China’s Fighters Won’t Match US

Hype over the J-20 stealth fighter shouldn’t overlook it will be a smaller force than the US F-22 and F-35 fleet.

With the recent first flight of the Chinese air force's J-20 stealth fighter prototype, there has been a great deal of international attention focused on the People's Liberation Army Air Force's rapid modernization.

But an important corollary has been lost in the hype. Yes, the PLAAF is quickly becoming more modern, but it's also getting a lot smaller. Beijing's emphasis on quality over quantity, at least when it comes to military aircraft, is perfectly normal. Today, nearly all of the world's air forces—including the US Air Force—are taking the same approach, replacing numerous older airplanes with fewer modern ones.

According to a chart published by the Air Force Association, a US advocacy group, in the decade since 2000, the PLAAF has reduced its fleet by half from 2,500 fighters.

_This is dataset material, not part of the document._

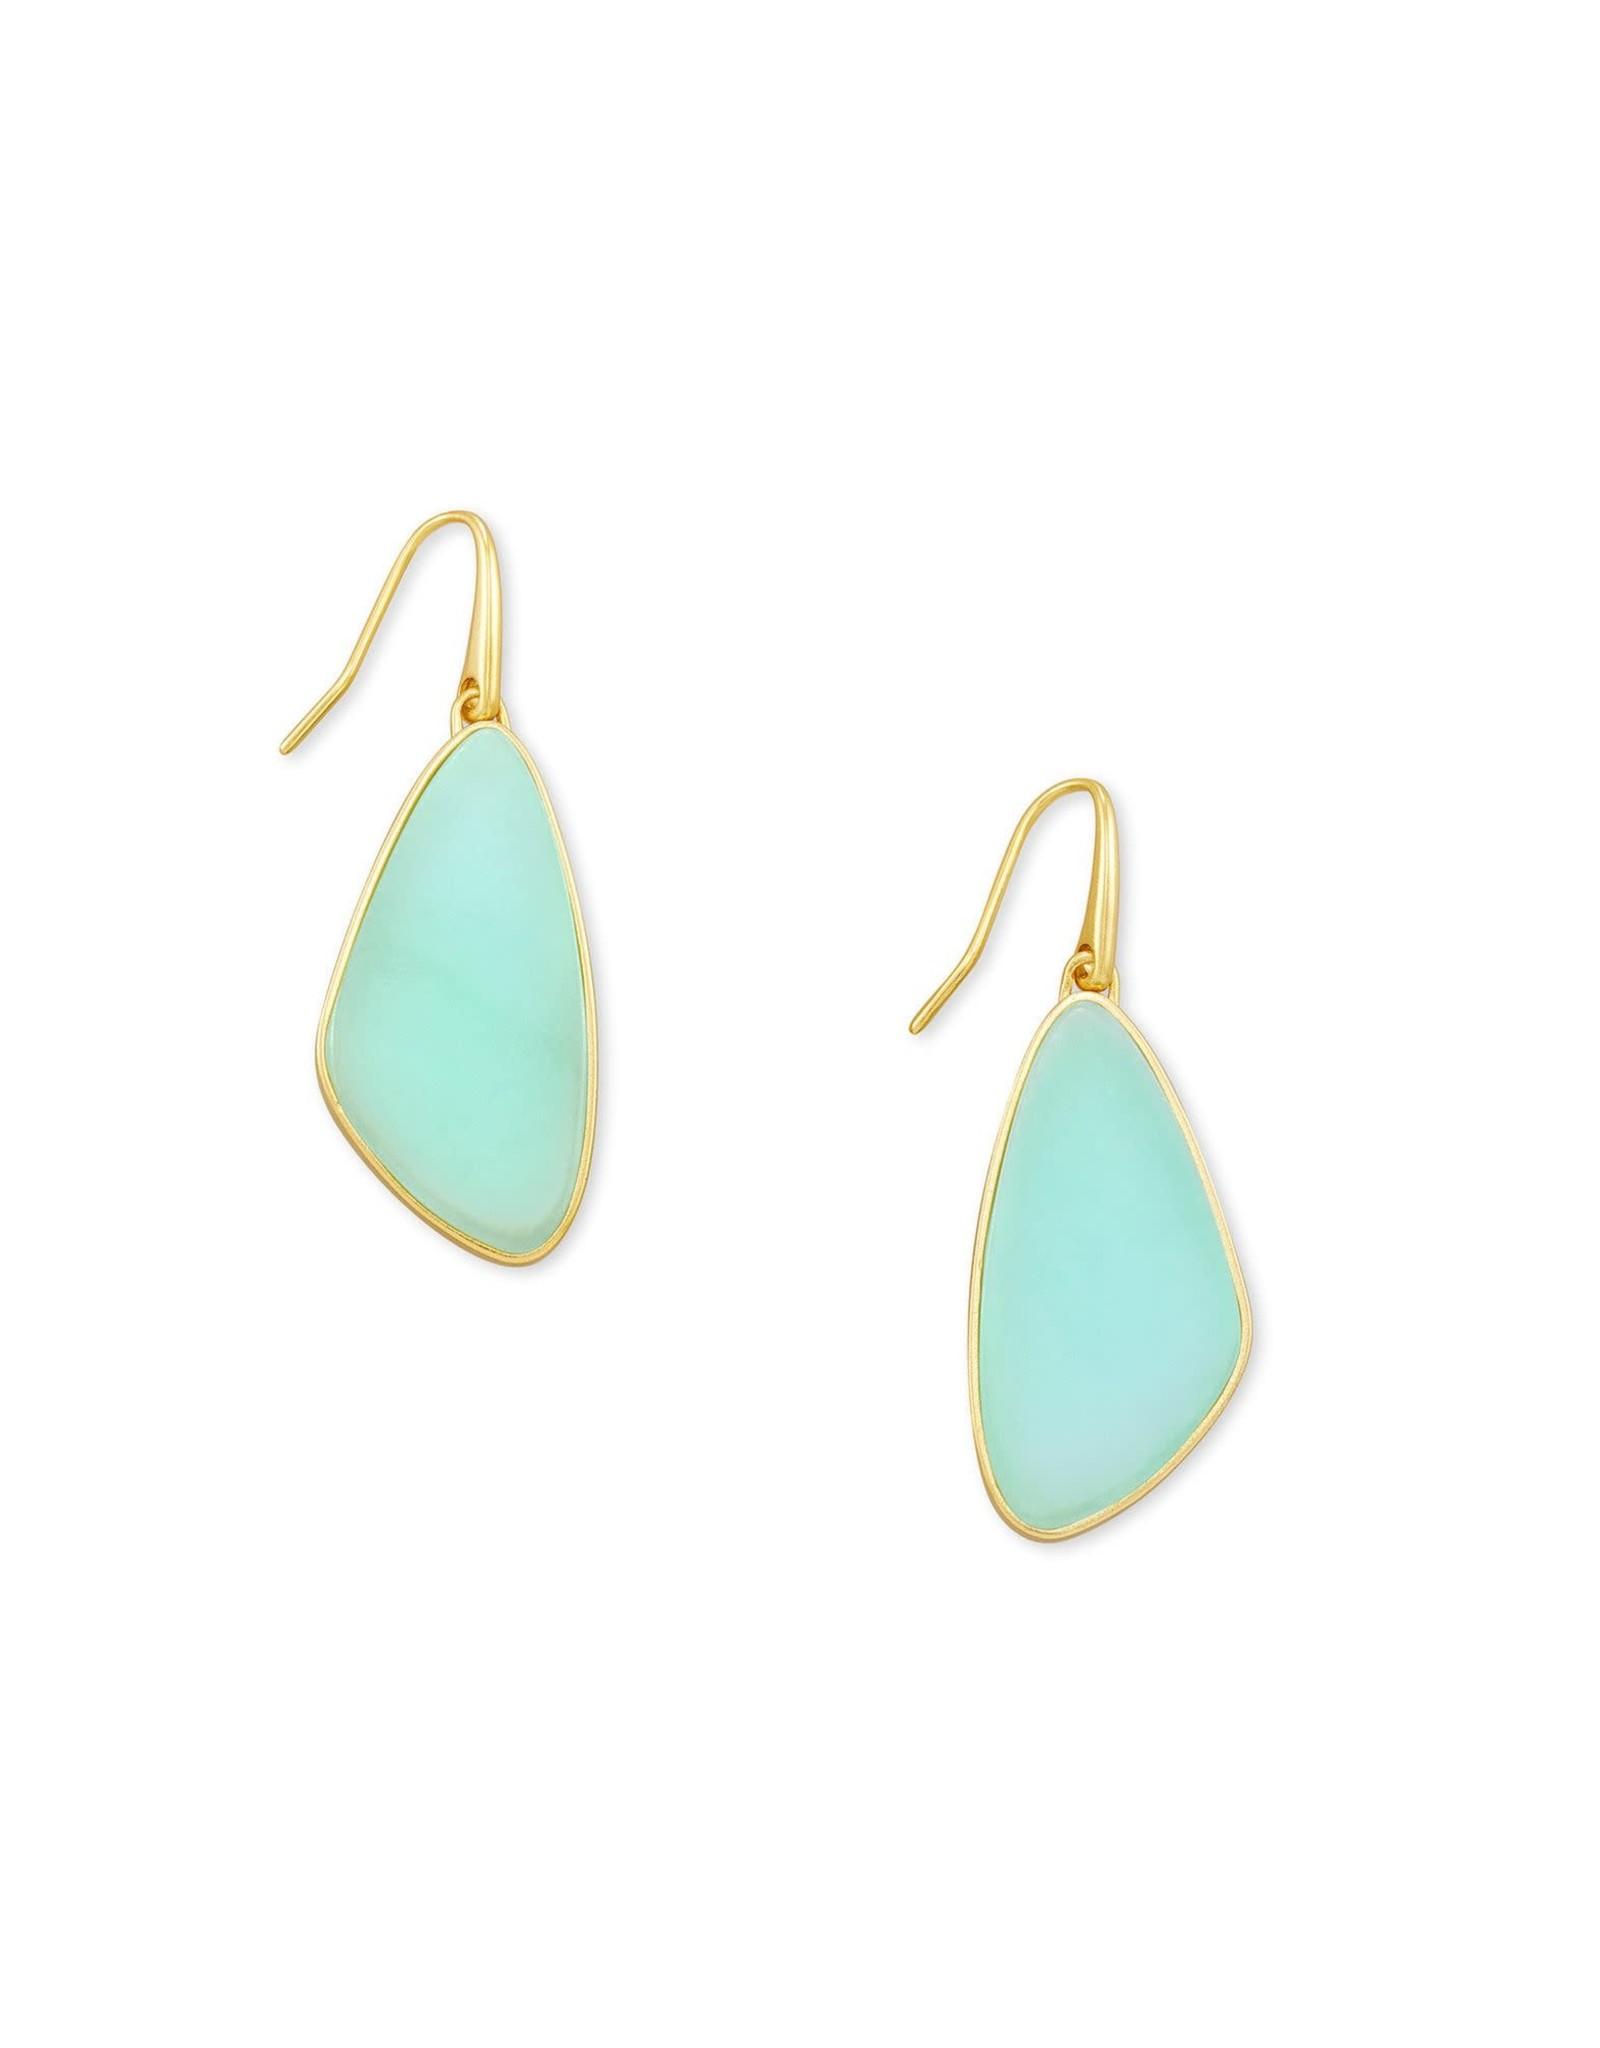 Kendra Scott McKenna Small Drop Earring - Matte Iridescent Mint/Gold

Beijing accomplished this mostly by retiring 1960s designs such as the J-6 and J-7—rough analogues of the Soviet MiG-19 and MiG-21, respectively. In place of thousands of J-6s and J-7s, the PLAAF has brought into service several hundred J-10s and J-11s, respectively based on the 1980s-vintage Soviet Su-27 and Israeli Lavi.

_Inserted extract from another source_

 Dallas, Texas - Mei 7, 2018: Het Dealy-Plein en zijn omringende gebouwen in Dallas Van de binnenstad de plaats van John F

The US Air Force underwent a similar shrinking initiative in the 1970s and again in the early 1990s—both times replacing thousands of older fighters with hundreds of modern ones. A similar process is currently underway in US air arms, albeit more modestly. Between 2010 and 2020, the American fighter fleet is projected to contract by around 10 percent as new F-22s, F-35s, F/A-18s and armed drones replace jets built in the 1980s.  

Based on current trends, by 2020 China will possess probably around 1,000 fighters, most of them modern. According to US Secretary of Defense Robert Gates, just 50 of those fighters will be of the latest, stealthy J-20 design. The US military, by contrast, will possess around 3,000 fighters, around a third of them stealth models.

By historical standards, the United States is set to enjoy an unprecedented measure of superiority in both the quantity and quality of its fighter planes, compared to its nearest competitor. In the 1980s, the Soviet air force's fighter fleet outnumbered the US fighter fleet by several thousand planes, although America's were more modern. A decade from now, the US fighter force will both bigger and more modern than China's.